While the cooling performance of immersion systems under high-discharge rates is well-documented, its specific efficacy in suppressing abuse-induced thermal runaway, particularly from overcharging, requires deeper investigation. This study aims to comprehensively evaluate the impact of single-phase immersion cooling on the thermal runaway characteristics of a lithium-ion battery subjected to overcharge at varying rates. By contrasting experimental results under adiabatic conditions—which represent a worst-case scenario with no heat loss—against those under immersion cooling, we quantify the cooling system’s capability to prevent or mitigate thermal runaway and its propagation.
1. Experimental Methodology
1.1 Materials: Cell and Coolant
A commercial pouch-type lithium-ion battery was selected for this investigation. Its key specifications are summarized in Table 1. The positive electrode active material is LiCoO2 (LCO), and the negative electrode is graphite, representing a common chemistry where thermal runaway risks are pronounced.
| Parameter | Value |
|---|---|
| Dimensions (mm) | 65 × 35 × 9.5 |
| Mass (g) | 39.5 ± 0.5 |
| Nominal Capacity | 2.2 Ah |
| Nominal Voltage | 3.7 V |
| Charge Cut-off Voltage | 4.2 V |
| Discharge Cut-off Voltage | 3.0 V |
The chosen coolant was Enasolv FS49, a hydrofluoroether (HFE). HFEs offer a compelling combination of properties ideal for immersion cooling: high dielectric strength, chemical inertness, low viscosity, and non-flammability.

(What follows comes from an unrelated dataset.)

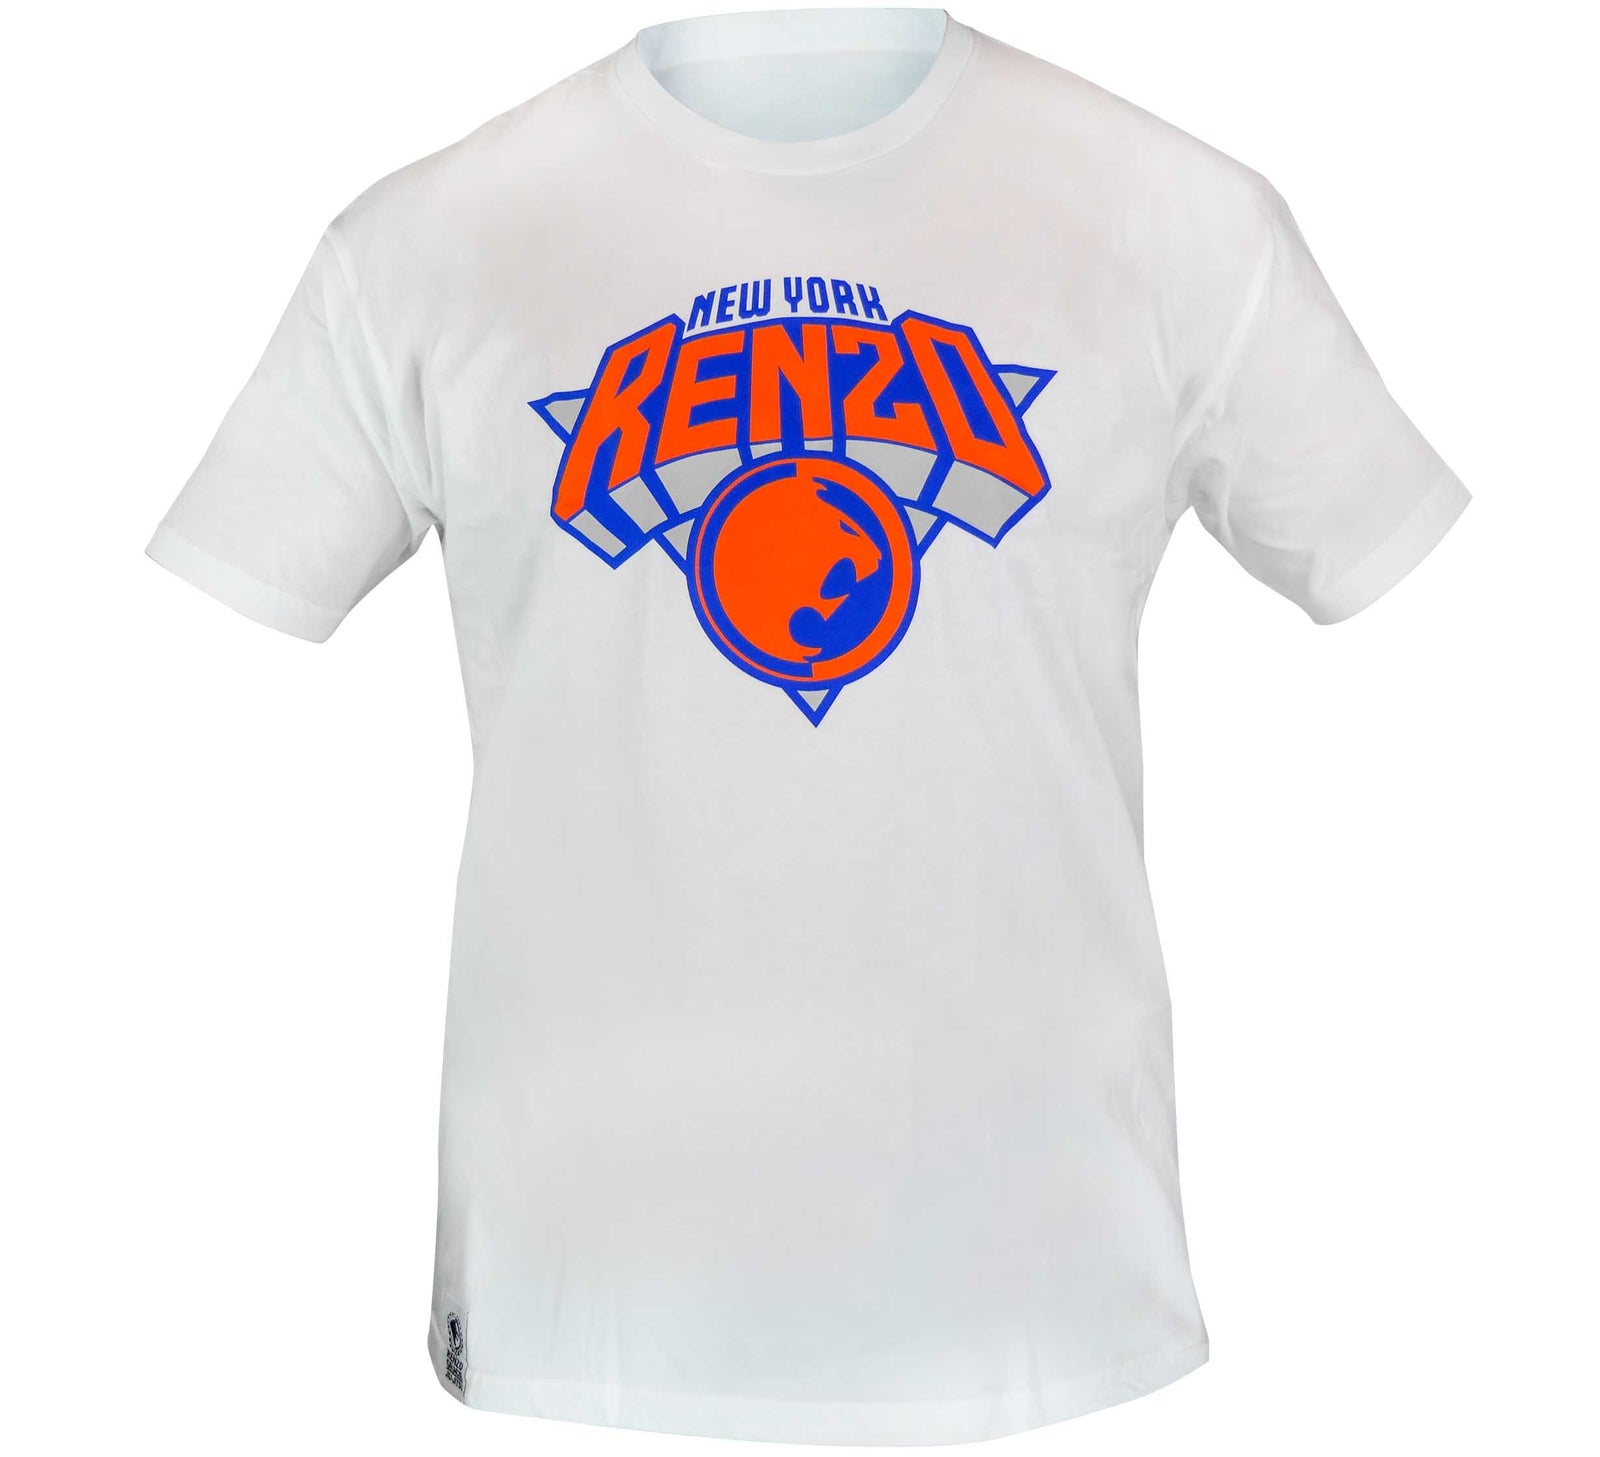 New York Knicks White Short on sale,for Cheap,wholesale from China
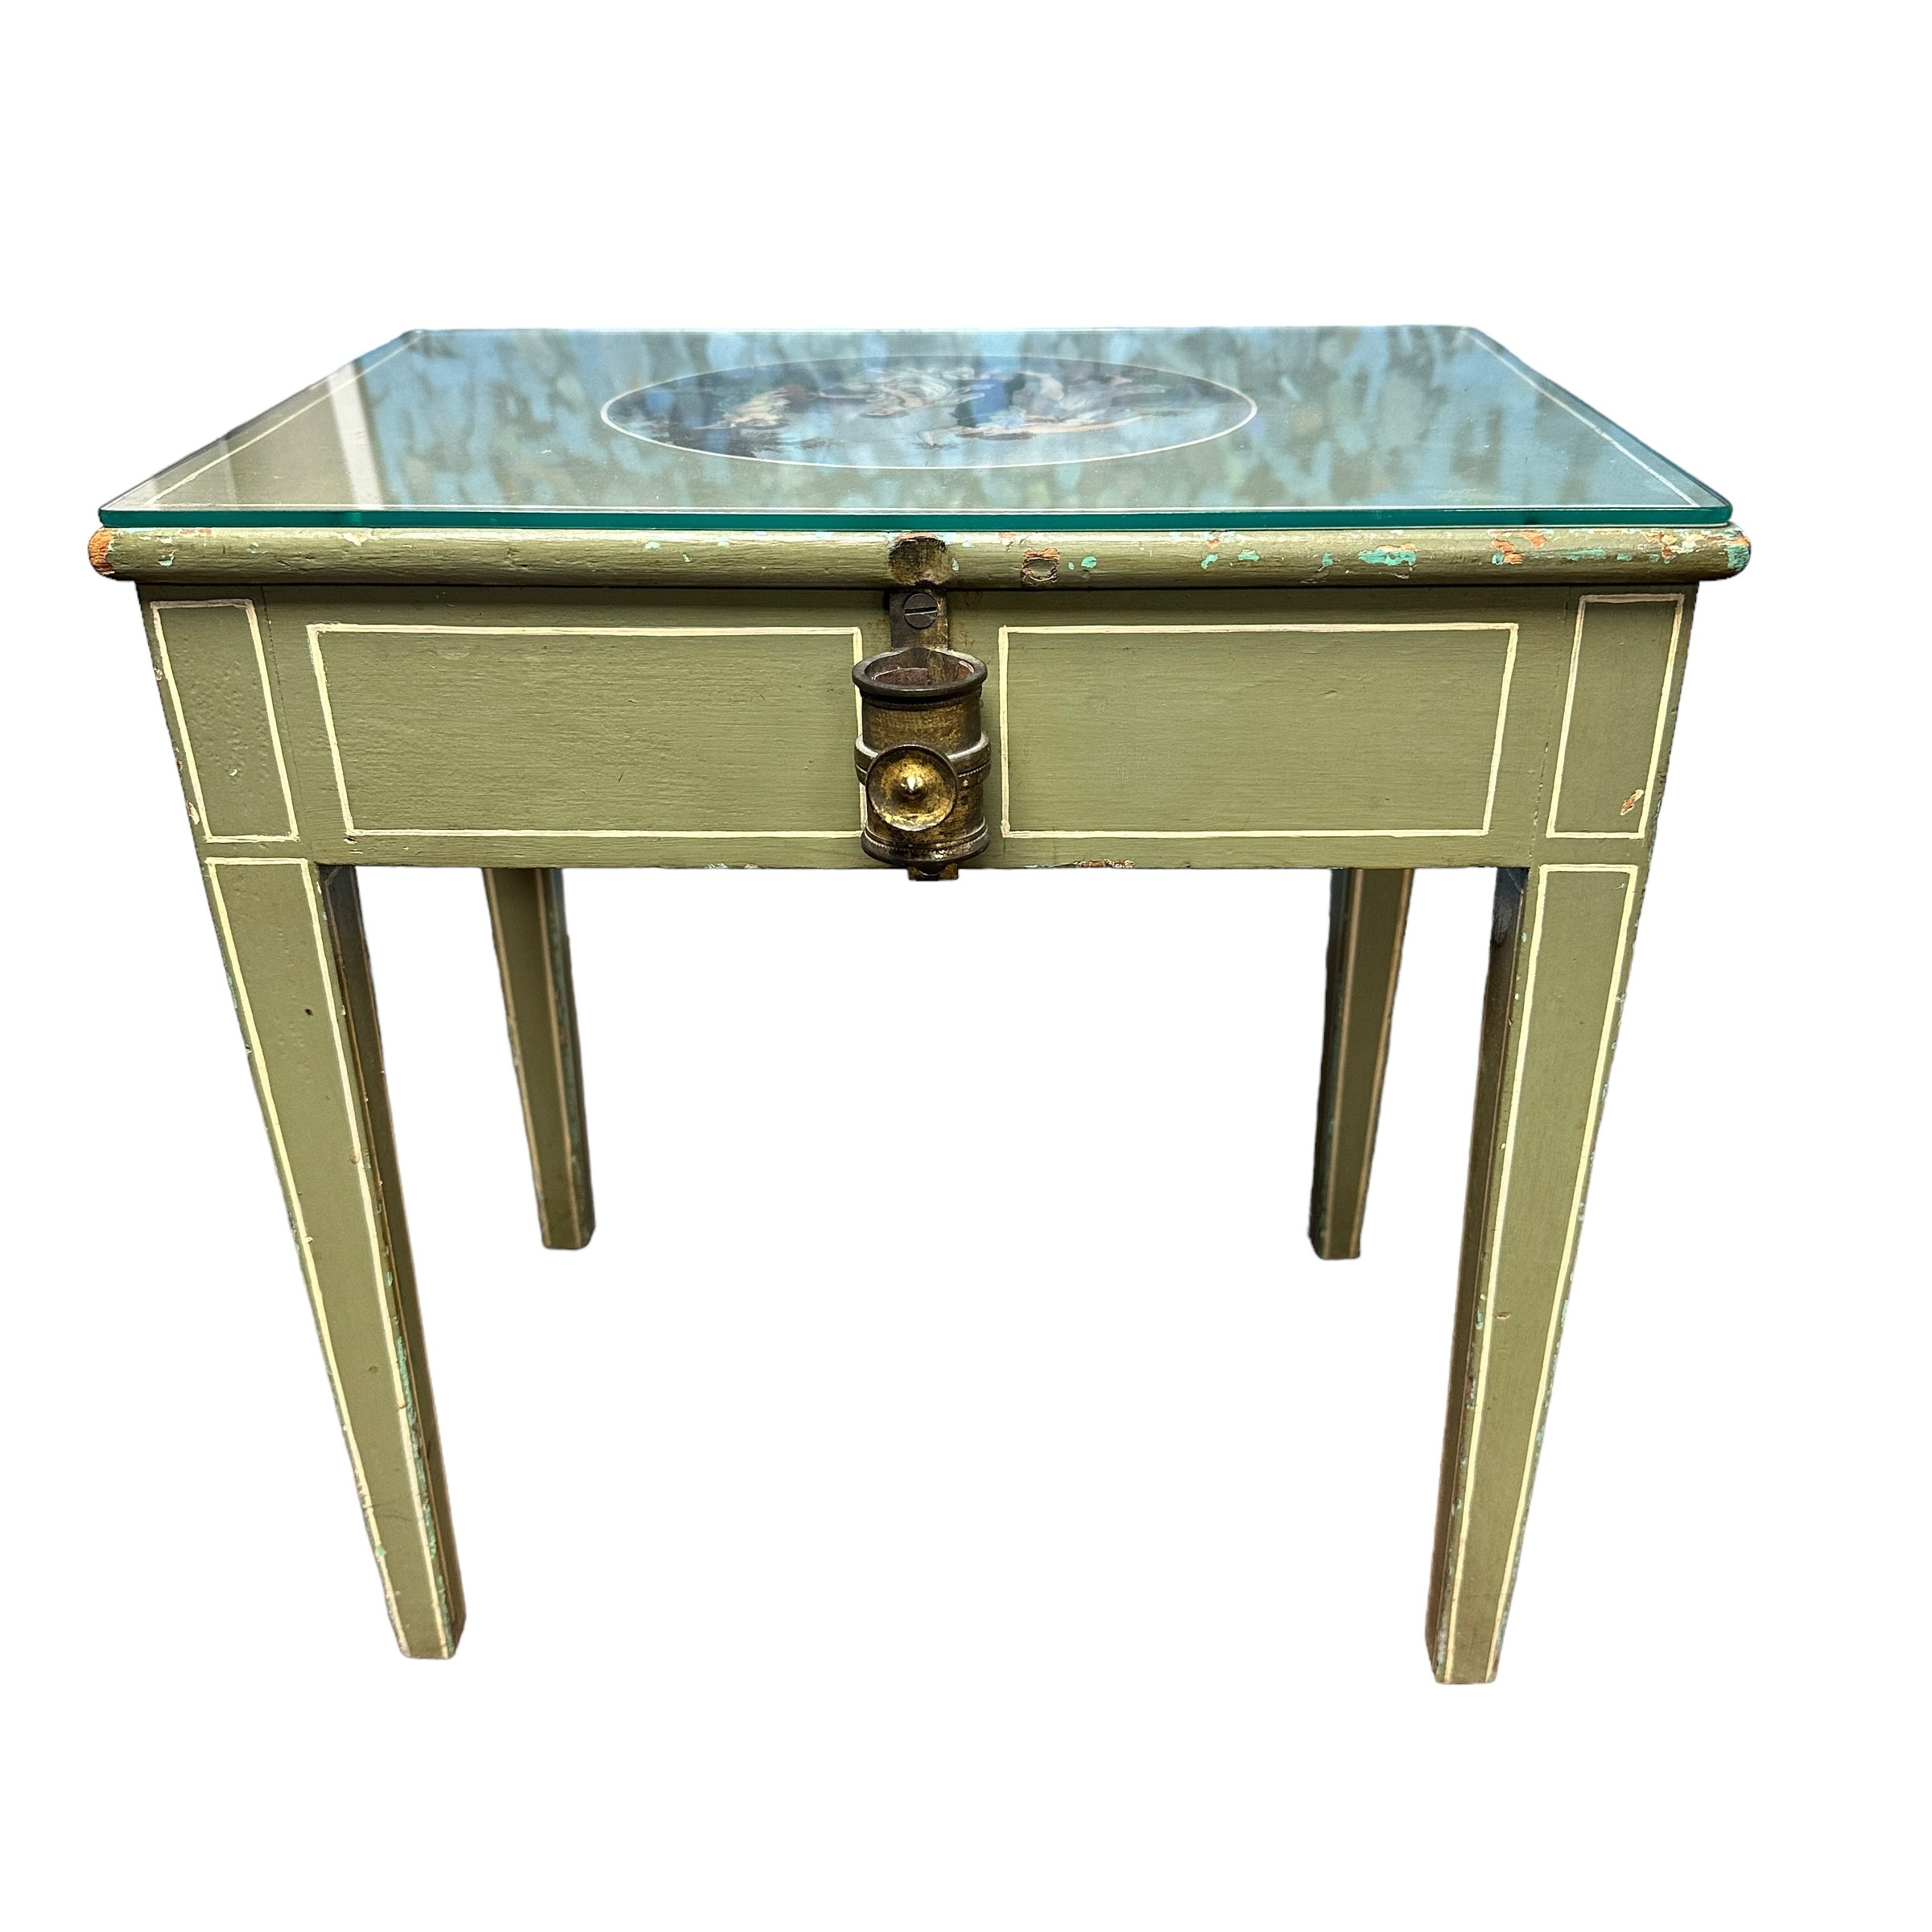 Early 19th Century painted sewing table, formerly with pole screen. 40 x 28 x 40cm. - Image 4 of 5

The relevant thermophysical properties of FS49 are listed in Table 2. Its relatively low boiling point (~49°C) is suitable for single-phase cooling in the expected temperature range of this study, while its low viscosity promotes natural convective heat transfer.
| Property | Value |
|---|---|
| Density, $\rho$ (kg m-3) | ~1601.8 |
| Specific Heat Capacity, $c_p$ (J kg-1 K-1) | ~1103 |
| Thermal Conductivity, $k$ (W m-1 K-1) | ~0.059 |
| Dynamic Viscosity, $\mu$ (mPa s) | ~0.64 (at 25°C) |
| Boiling Point | ~49 °C |
1.2 Adiabatic Overcharge Testing
To establish the baseline thermal runaway behavior without any heat dissipation, overcharge tests were conducted inside an Accelerating Rate Calorimeter (ARC). The ARC chamber maintains an adiabatic environment by tracking the cell’s surface temperature and adjusting the chamber wall temperature to match it, thereby minimizing heat loss. A single lithium-ion battery was suspended in the chamber. A constant-current overcharge protocol was applied using a battery cycler, with no upper voltage limit. Three distinct charging rates (C-rates) were investigated: 0.5 C (1.1 A), 1 C (2.2 A), and 2 C (4.4 A), based on the cell’s nominal capacity of 2.2 Ah. The cell surface temperature and voltage were recorded at high frequency. Each test was repeated to ensure consistency. The onset of thermal runaway ($T_{onset}$) was identified as the point where the self-heating rate exceeded 1 °C/s.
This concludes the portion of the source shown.